■ SOURCE DATA
--- START ---
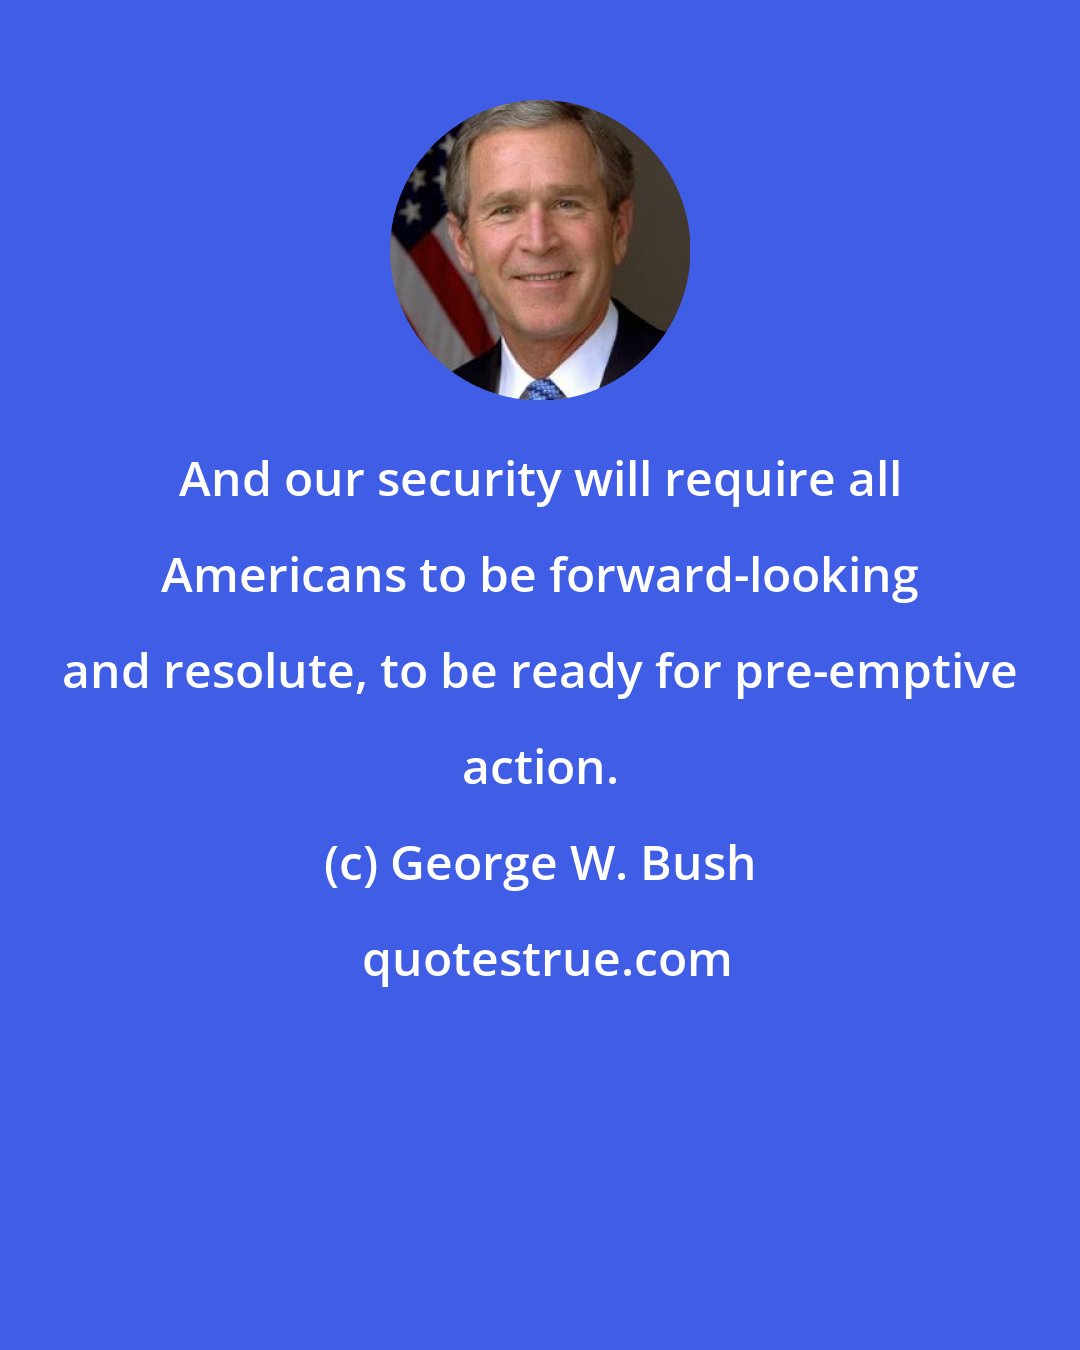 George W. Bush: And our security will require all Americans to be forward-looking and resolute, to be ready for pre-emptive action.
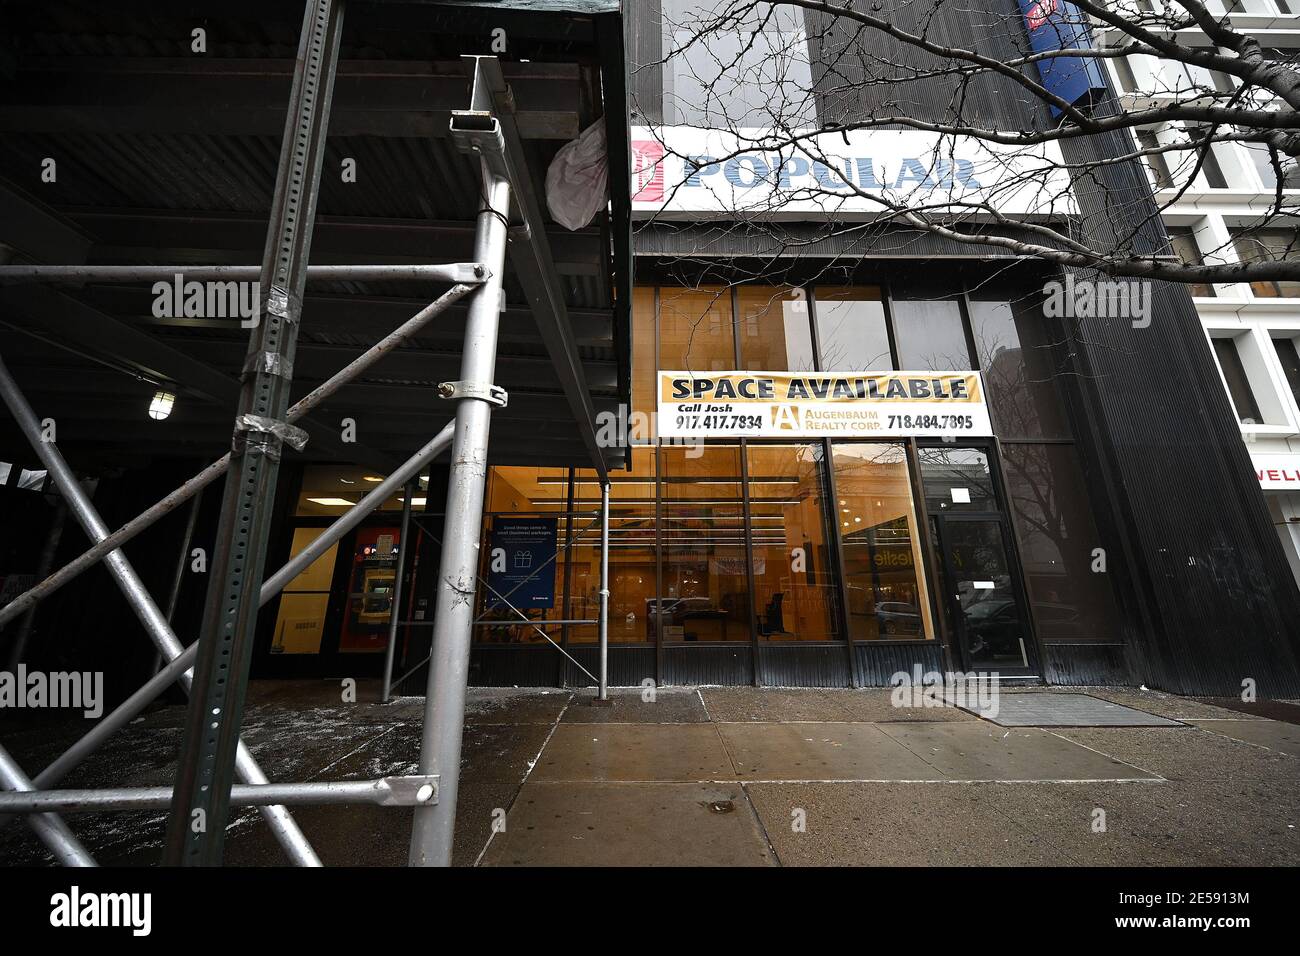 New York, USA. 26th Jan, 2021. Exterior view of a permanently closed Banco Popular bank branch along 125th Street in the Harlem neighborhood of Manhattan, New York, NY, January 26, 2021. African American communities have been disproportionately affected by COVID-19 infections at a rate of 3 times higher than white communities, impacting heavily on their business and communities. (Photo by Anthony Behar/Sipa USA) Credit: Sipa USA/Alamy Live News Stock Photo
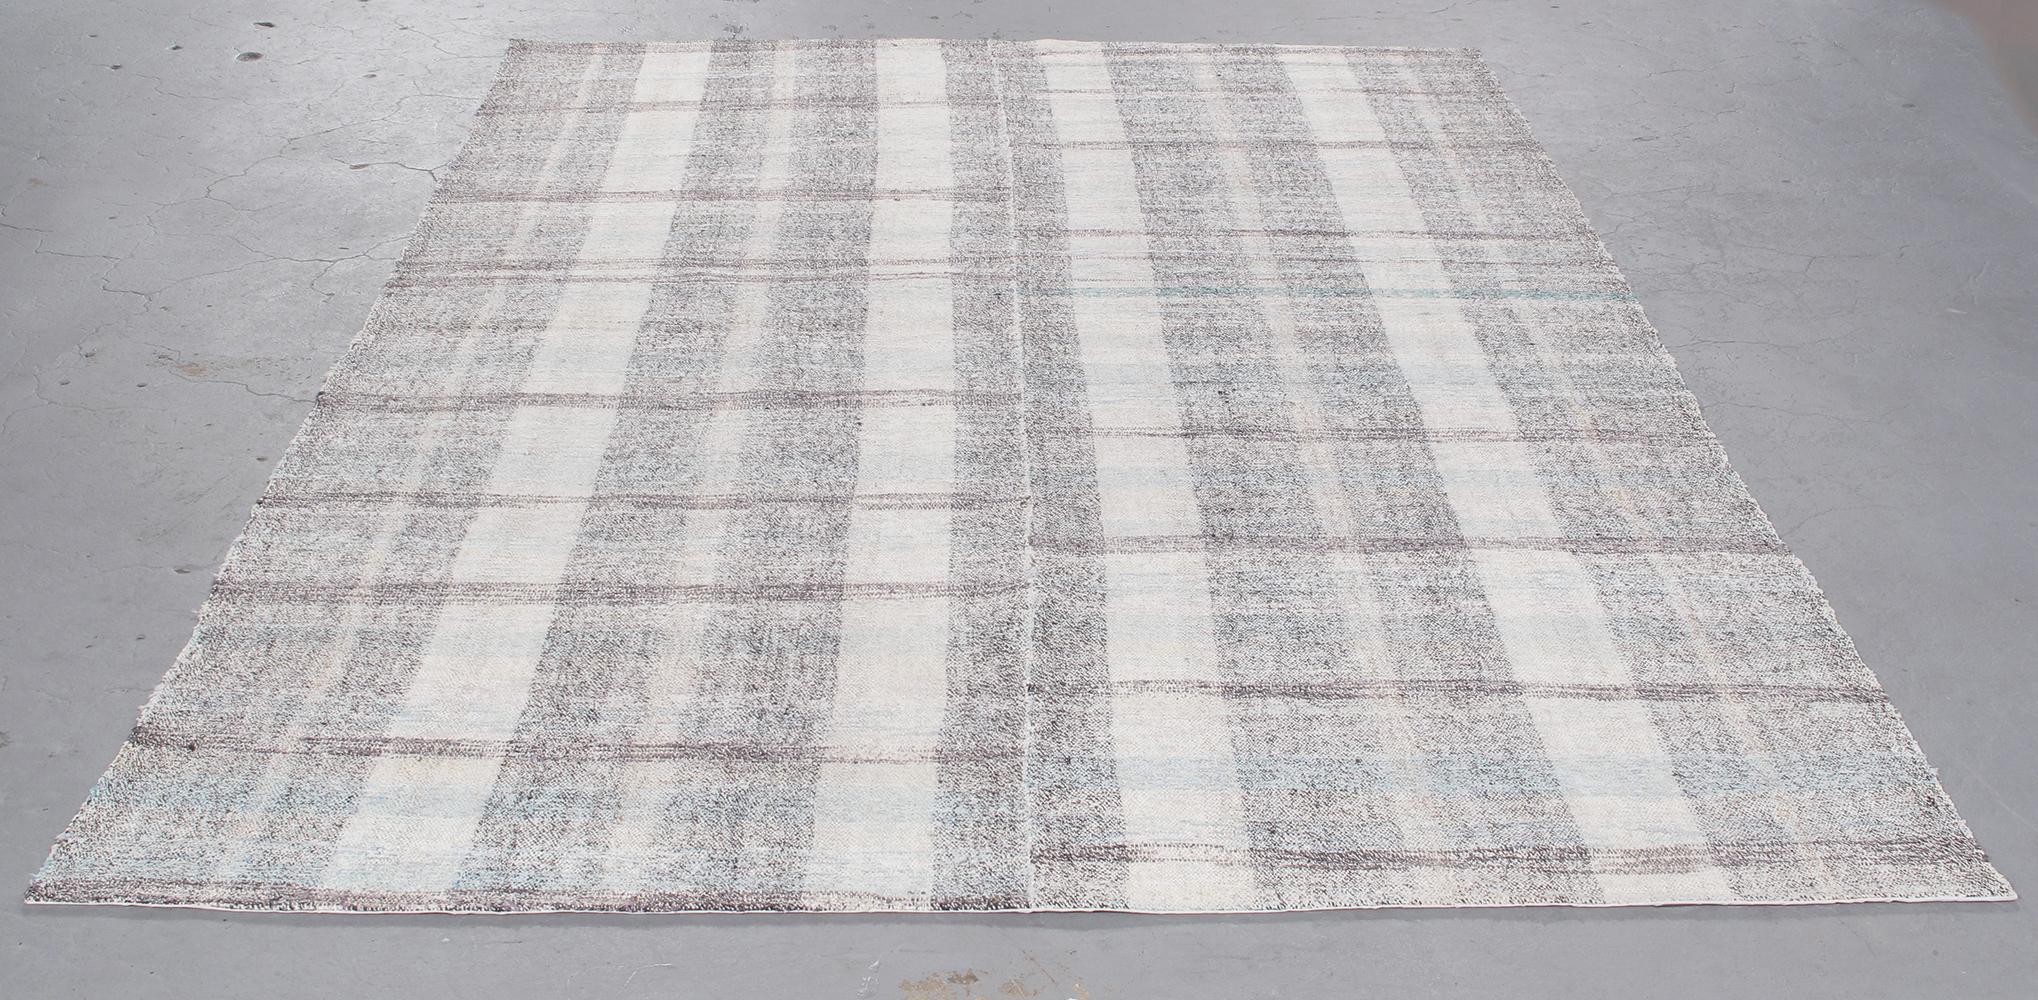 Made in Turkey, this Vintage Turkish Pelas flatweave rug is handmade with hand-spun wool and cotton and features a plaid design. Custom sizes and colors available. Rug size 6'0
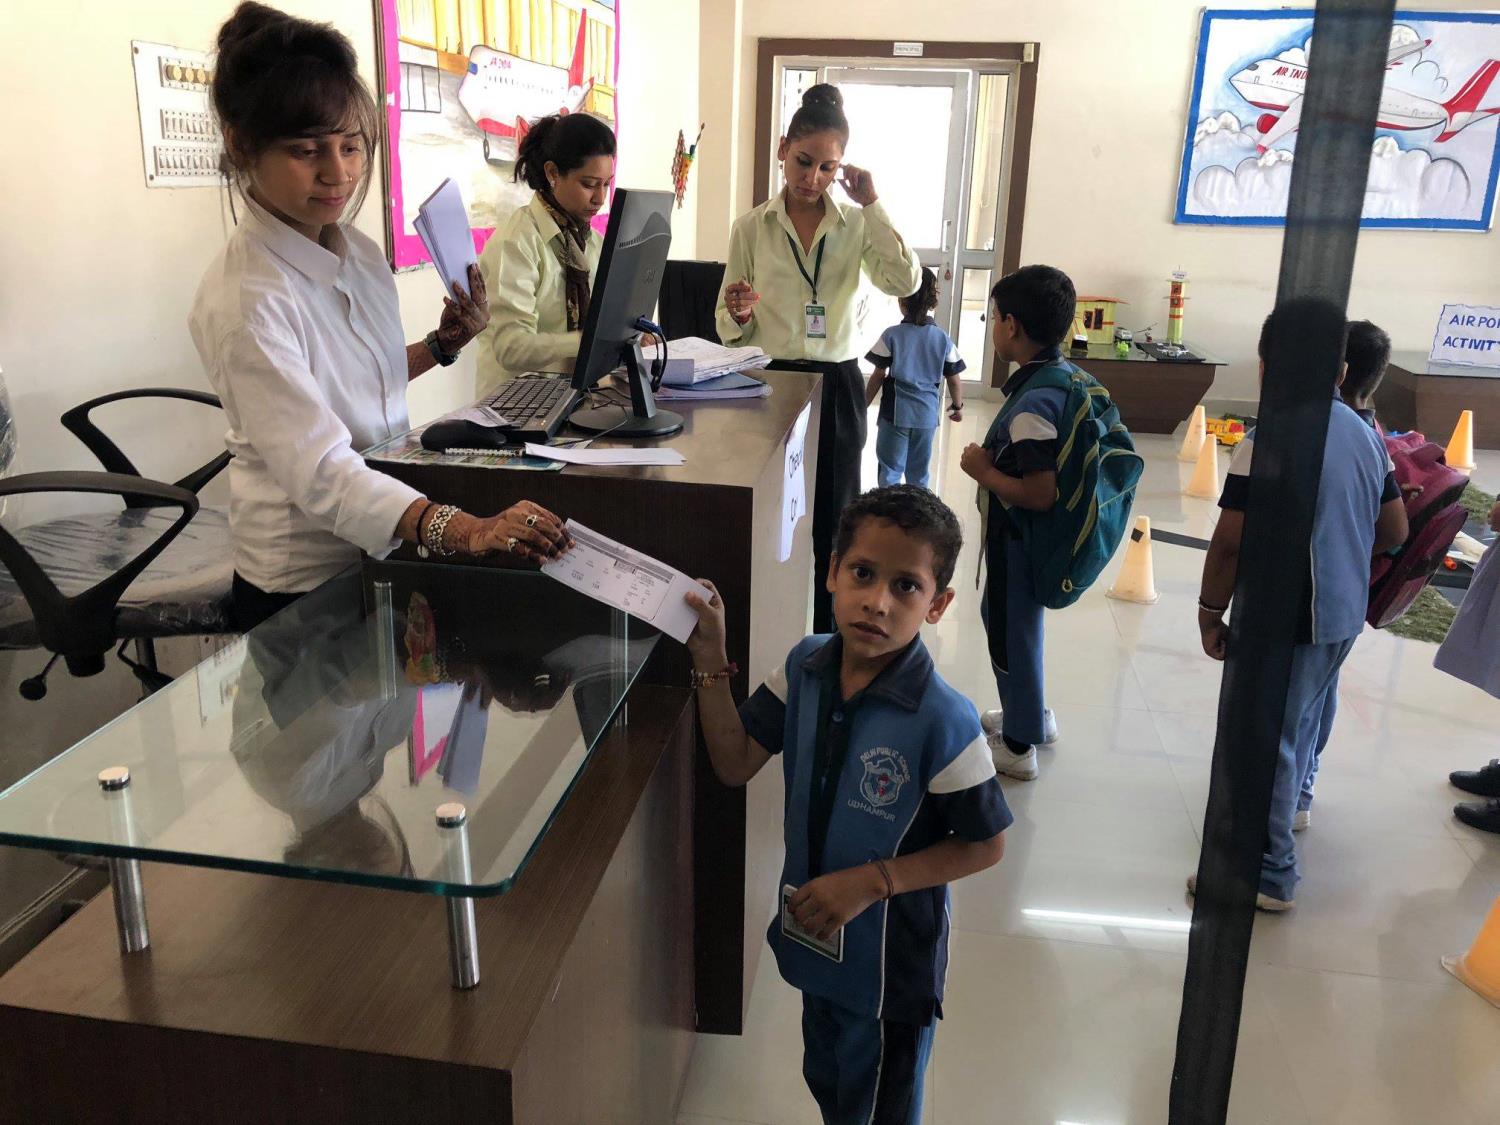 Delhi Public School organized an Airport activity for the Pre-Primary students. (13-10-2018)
--- END ---
■ WHAT IS NEEDED
Output the listing above in full, exactly. No images.

■ TASK OUTPUT
 George W. Bush: And our security will require all Americans to be forward-looking and resolute, to be ready for pre-emptive action.
 New York, USA. 26th Jan, 2021. Exterior view of a permanently closed Banco Popular bank branch along 125th Street in the Harlem neighborhood of Manhattan, New York, NY, January 26, 2021. African American communities have been disproportionately affected by COVID-19 infections at a rate of 3 times higher than white communities, impacting heavily on their business and communities. (Photo by Anthony Behar/Sipa USA) Credit: Sipa USA/Alamy Live News Stock Photo
 Made in Turkey, this Vintage Turkish Pelas flatweave rug is handmade with hand-spun wool and cotton and features a plaid design. Custom sizes and colors available. Rug size 6'0
 Delhi Public School organized an Airport activity for the Pre-Primary students. (13-10-2018)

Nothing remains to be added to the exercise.